Architecture¶
How Fast-LangGraph achieves its performance improvements.
Overview¶
Fast-LangGraph is a hybrid Rust/Python library. Performance-critical components are implemented in Rust and exposed to Python via PyO3 bindings.
┌─────────────────────────────────────────────┐
│ Python Application │
│ │
│ from fast_langgraph import cached │
│ @cached │
│ def call_llm(prompt): ... │
└─────────────────┬───────────────────────────┘
│
▼
┌─────────────────────────────────────────────┐
│ fast_langgraph (Python) │
│ │
│ - High-level API │
│ - Decorator wrappers │
│ - LangGraph integration │
└─────────────────┬───────────────────────────┘
│ PyO3 bindings
▼
┌─────────────────────────────────────────────┐
│ fast_langgraph (Rust) │
│ │
│ - LRU/TTL caches │
│ - SQLite checkpointer │
│ - State merge operations │
│ - Profiler │
└─────────────────────────────────────────────┘
Why Rust?¶
Python's Global Interpreter Lock (GIL) and dynamic typing create overhead for:
- Object copying -
deepcopy()is expensive for nested structures - Serialization - Checkpoint encoding/decoding
- Memory management - Frequent allocations in hot paths
Rust provides:
- Zero-cost abstractions
- No GIL (true parallelism possible)
- Predictable memory layout
- Compile-time optimizations
Where Rust Excels¶
Based on benchmarks, Rust provides the most dramatic improvements for:
| Operation | Speedup | Why |
|---|---|---|
| Checkpoint serialization | 43-737x | Avoids Python deepcopy() overhead |
| Sustained state updates | 13-46x | No intermediate Python object creation |
| E2E graph execution | 2-3x | Combined state + checkpoint benefits |
Python Dict Performance
Python's built-in dict is already implemented in C and highly optimized. For simple dict operations (lookups, single merges), Python is competitive.
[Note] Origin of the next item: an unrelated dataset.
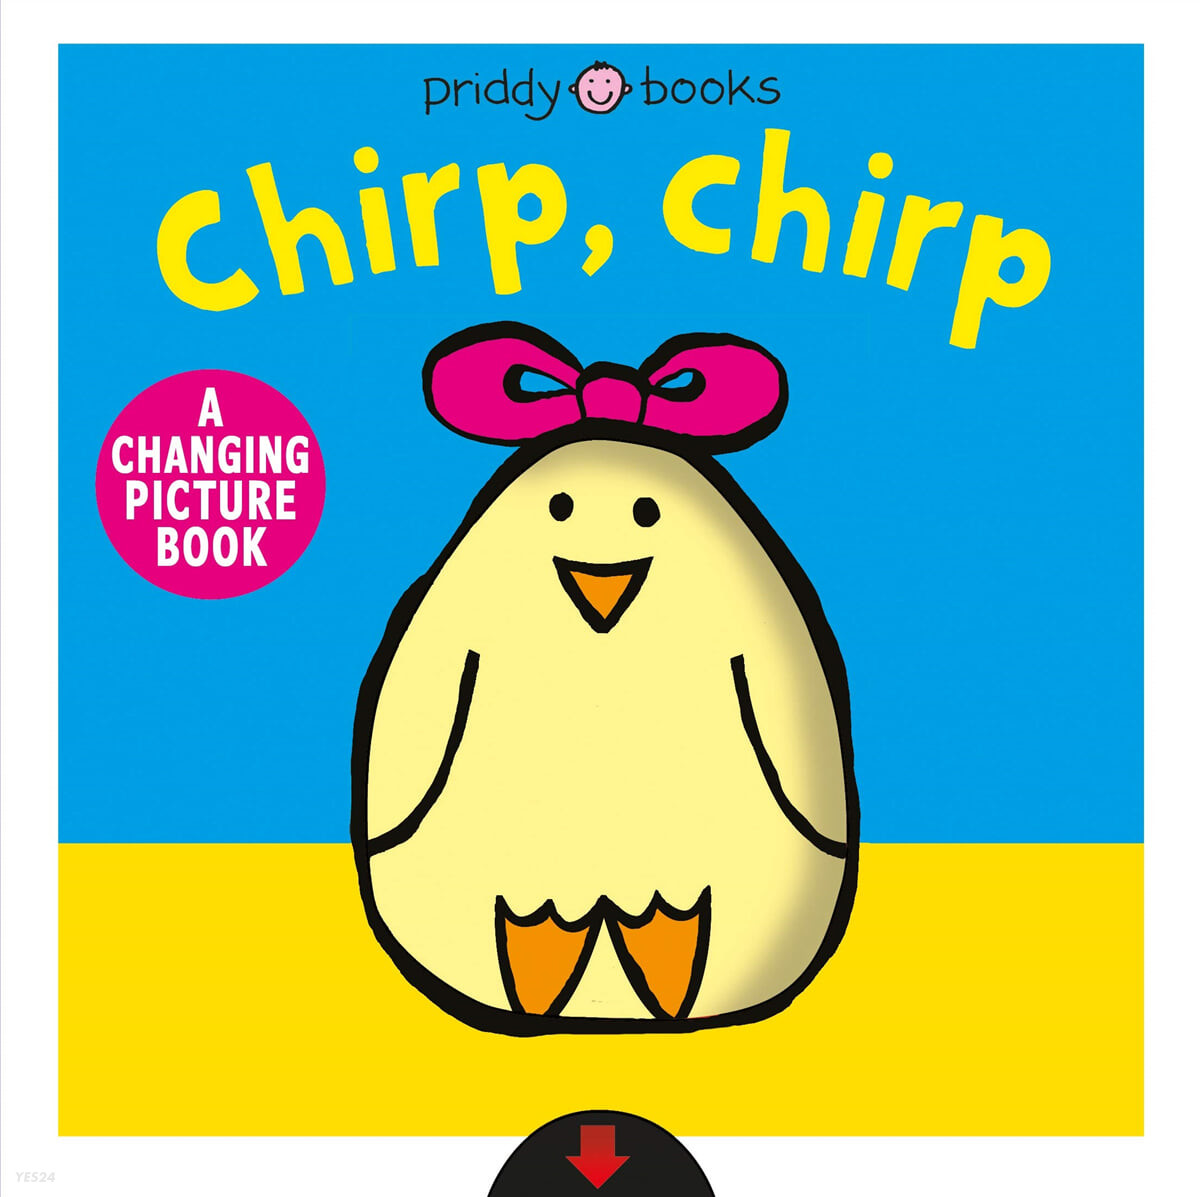 Chirp chirp : a changing picture book

Rust's advantage comes from avoiding Python object overhead in complex, sustained operations.
Component Design¶
Caching System¶
The cache uses a Rust HashMap with LRU eviction:
┌─────────────────────────────────────────┐
│ RustLLMCache │
├─────────────────────────────────────────┤
│ HashMap<String, CacheEntry> │
│ ┌─────────┬─────────┬─────────┐ │
│ │ key │ value │ access │ │
│ ├─────────┼─────────┼─────────┤ │
│ │ hash(p) │ result │ time │ │
│ └─────────┴─────────┴─────────┘ │
│ │
│ max_size: usize │
│ hits: AtomicU64 │
│ misses: AtomicU64 │
└─────────────────────────────────────────┘
Performance gains come from:
- Rust's efficient
HashMapimplementation - Pre-computed string hashing
- Lock-free statistics counters
- No Python object overhead for internal operations
Checkpointing System¶
The SQLite checkpointer optimizes:
- Serialization - JSON encoding in Rust (serde) vs Python's json module
- Batching - Groups writes to reduce SQLite transactions
- Prepared statements - Reuses compiled SQL
Python checkpoint flow:
dict → json.dumps → sqlite3.execute → disk
Rust checkpoint flow:
dict → PyO3 extract → serde_json → rusqlite → disk
└── happens once ──┘└── native speed ──┘
State Merge System¶
State updates in LangGraph involve:
- Deep-copying state dictionaries
- Merging updates
- Handling append-only keys (like
messages)
Rust implementation:
- Avoids Python dict copying overhead
- Uses efficient key lookup
- Minimizes allocations for append operations
Python Integration¶
PyO3 Bindings¶
Rust structs are exposed as Python classes:
#[pyclass]
struct RustLLMCache {
cache: HashMap<String, String>,
max_size: usize,
}
#[pymethods]
impl RustLLMCache {
#[new]
fn new(max_size: usize) -> Self { ... }
fn get(&self, key: &str) -> Option<String> { ... }
fn put(&mut self, key: String, value: String) { ... }
}
The @cached Decorator¶
The decorator bridges Python functions with Rust caching:
def cached(fn=None, *, max_size=None):
def decorator(func):
cache = RustLLMCache(max_size or 10000)
@wraps(func)
def wrapper(*args, **kwargs):
key = _make_key(args, kwargs)
result = cache.get(key)
if result is not None:
return result
result = func(*args, **kwargs)
cache.put(key, result)
return result
wrapper.cache_stats = cache.stats
wrapper.cache_clear = cache.clear
return wrapper
return decorator(fn) if fn else decorator
Shim Implementation¶
The shim patches LangGraph internals at runtime:
# executor_cache.py
_executor_cache = {}
def get_executor_for_config_cached(config):
key = (max_workers, thread_name_prefix)
if key not in _executor_cache:
_executor_cache[key] = ThreadPoolExecutor(...)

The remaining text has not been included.